#PAGE_PARAMS# #ADS_HEAD_SCRIPTS# #MICRODATA#

All of gene expression (AOE): An integrated index for public gene expression databases


Authors: Hidemasa Bono aff001
Authors place of work: Database Center for Life Science (DBCLS), Joint Support-Center for Data Science Research, Research Organization of Information and Systems, Mishima,Japan aff001
Published in the journal: PLoS ONE 15(1)
Category: Research Article
doi: https://doi.org/10.1371/journal.pone.0227076

Summary

Gene expression data have been archived as microarray and RNA-seq datasets in two public databases, Gene Expression Omnibus (GEO) and ArrayExpress (AE). In 2018, the DNA DataBank of Japan started a similar repository called the Genomic Expression Archive (GEA). These databases are useful resources for the functional interpretation of genes, but have been separately maintained and may lack RNA-seq data, while the original sequence data are available in the Sequence Read Archive (SRA). We constructed an index for those gene expression data repositories, called All Of gene Expression (AOE), to integrate publicly available gene expression data. The web interface of AOE can graphically query data in addition to the application programming interface. By collecting gene expression data from RNA-seq in the SRA, AOE also includes data not included in GEO and AE. AOE is accessible as a search tool from the GEA website and is freely available at https://aoe.dbcls.jp/.

Keywords:

Gene expression – Sequence databases – Database searching – Data visualization – Transcriptome analysis – Genomic databases – Archives – Web-based applications

Introduction

After the invention of microarray, it became possible to measure the abundance of all transcripts at the genomic scale, which is now called the transcriptome. Since then, gene expression data from those experiments have been archived in public repositories after the development of the Minimum Information About a Microarray Experiment (MIAME) standard [1]. These are the NCBI Gene Expression Omnibus (GEO; https://www.ncbi.nlm.nih.gov/geo/) [2] and the EBI ArrayExpress (AE; https://www.ebi.ac.uk/arrayexpress/) [3] in a MIAME compliant manner.

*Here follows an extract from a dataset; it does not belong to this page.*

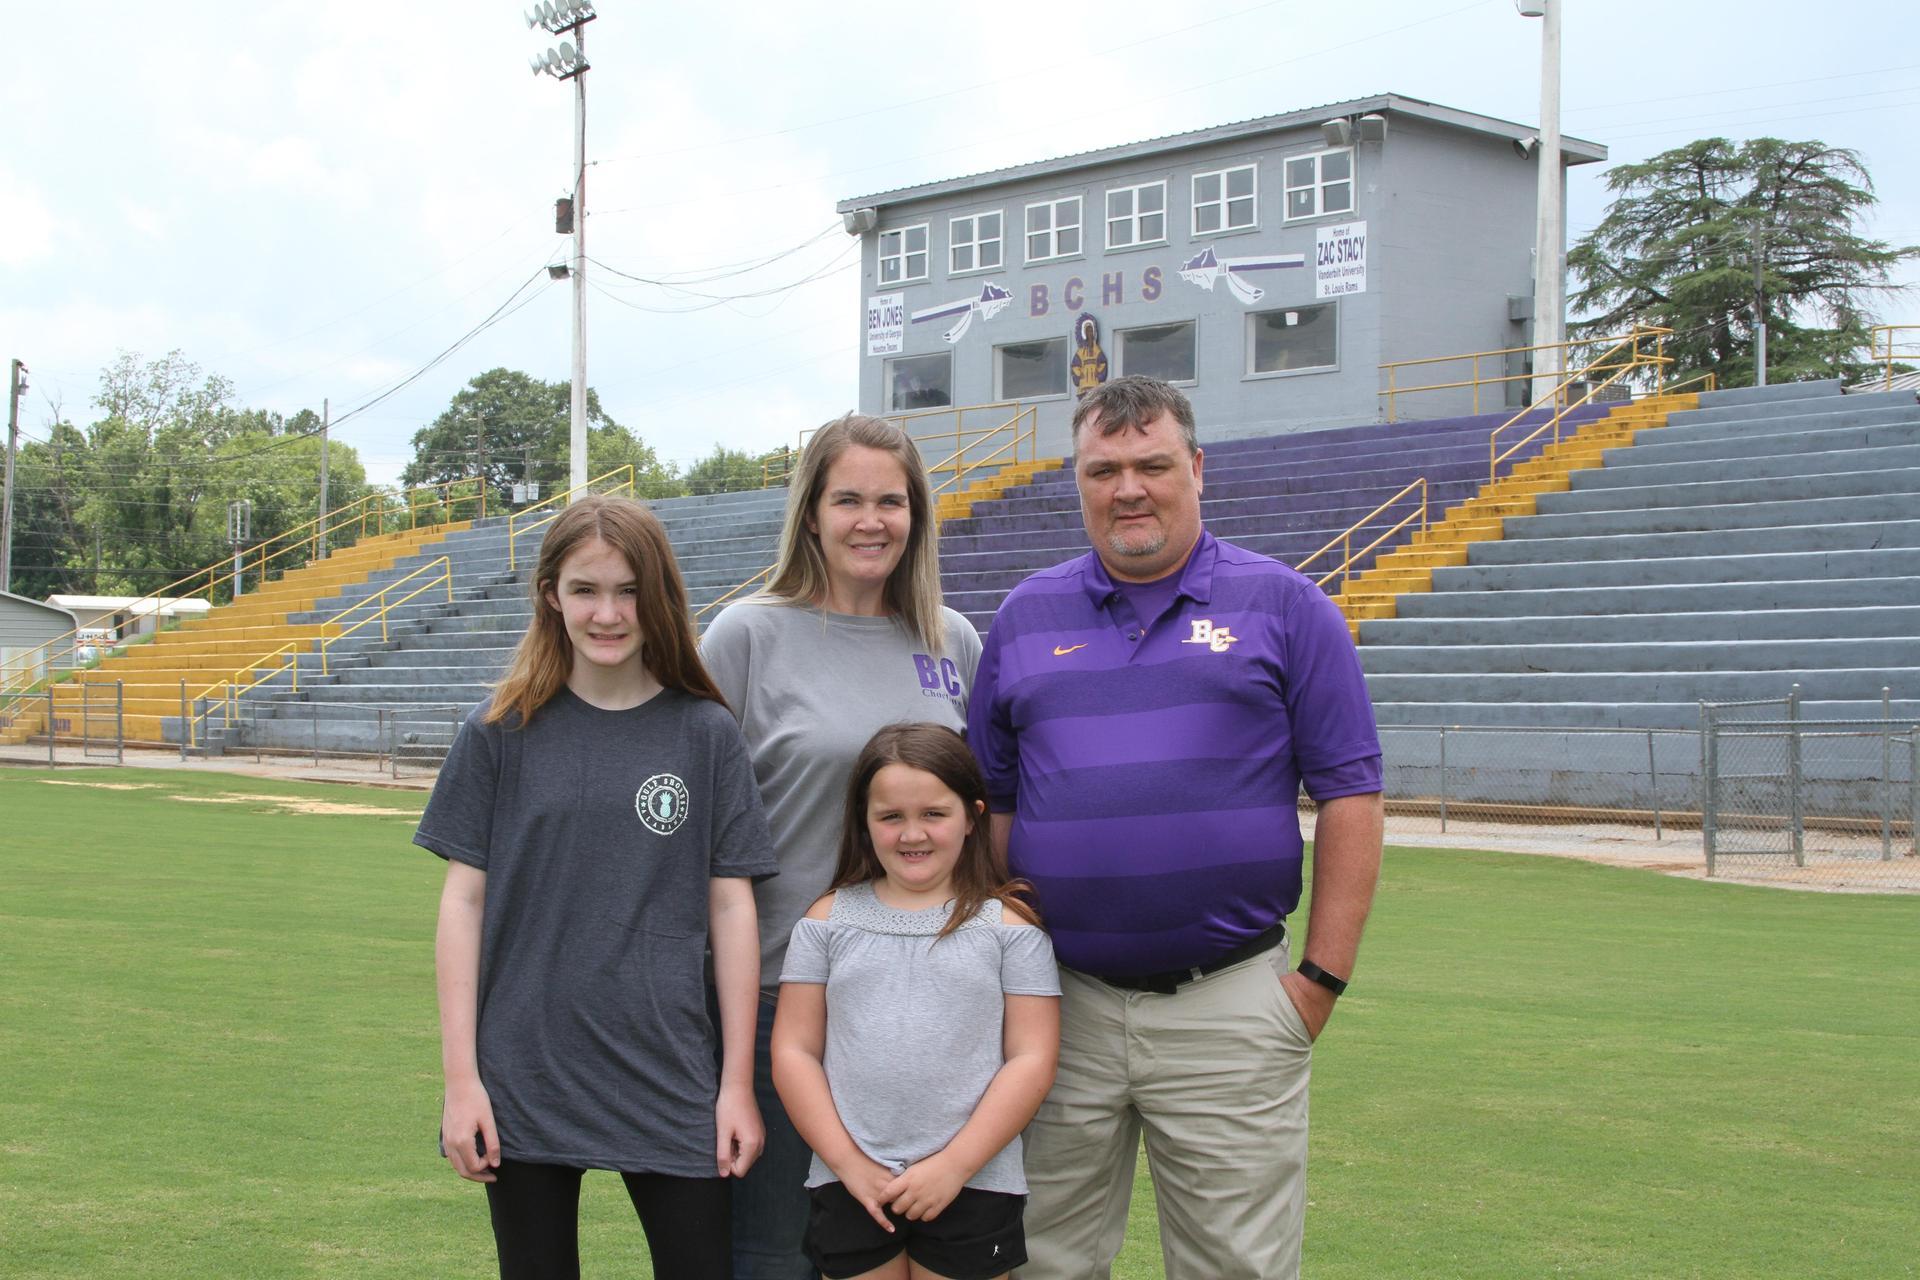 Daniel Payne and Family

Unlike the International Nucleotide Sequence Database [4], these two databases for gene expression have not been exchanging data with each other. AE had once imported data from GEO but stopped doing so in 2017 (https://www.ebi.ac.uk/arrayexpress/help/GEO_data.html). Archived GEO data is still available from AE, but new data archived in GEO is no longer available from AE. Therefore, users need to search both databases to get comprehensive public gene expression data of interest because these databases have been separately maintained. Furthermore, the DNA DataBank of Japan (DDBJ) recently started a similar repository called the Genomic Expression Archive (GEA; https://www.ddbj.nig.ac.jp/gea/) [5]. Hence there is a need for integration of these public gene expression databases.

Also, these databases may lack transcriptome sequencing data (RNA-seq) while the original sequence data are accessible in the nucleotide sequence repository of high-throughput sequencing platforms; the Sequence Read Archive (SRA) [6]. This is because data deposition to GEO and AE is not mandatory when the original sequencing data are deposited to the SRA.

We, therefore, developed an index of public gene expression databases, called All Of gene Expression (AOE). The aim of AOE is to integrate gene expression data and make them all searchable together. We have maintained AOE for five years, and it has been useful for functional genomics research. Here, we report a detailed description and utility of AOE. AOE is freely accessible from https://aoe.dbcls.jp/.

Results

Status of gene expression databases

Gene expression data in NCBI Gene Expression Omnibus (GEO) used to be continuously imported into EBI ArrayExpress (AE), and thus we were theoretically able to obtain all data deposited to GEO from AE. Therefore, All Of gene Expression (AOE) was originally indexed for AE only.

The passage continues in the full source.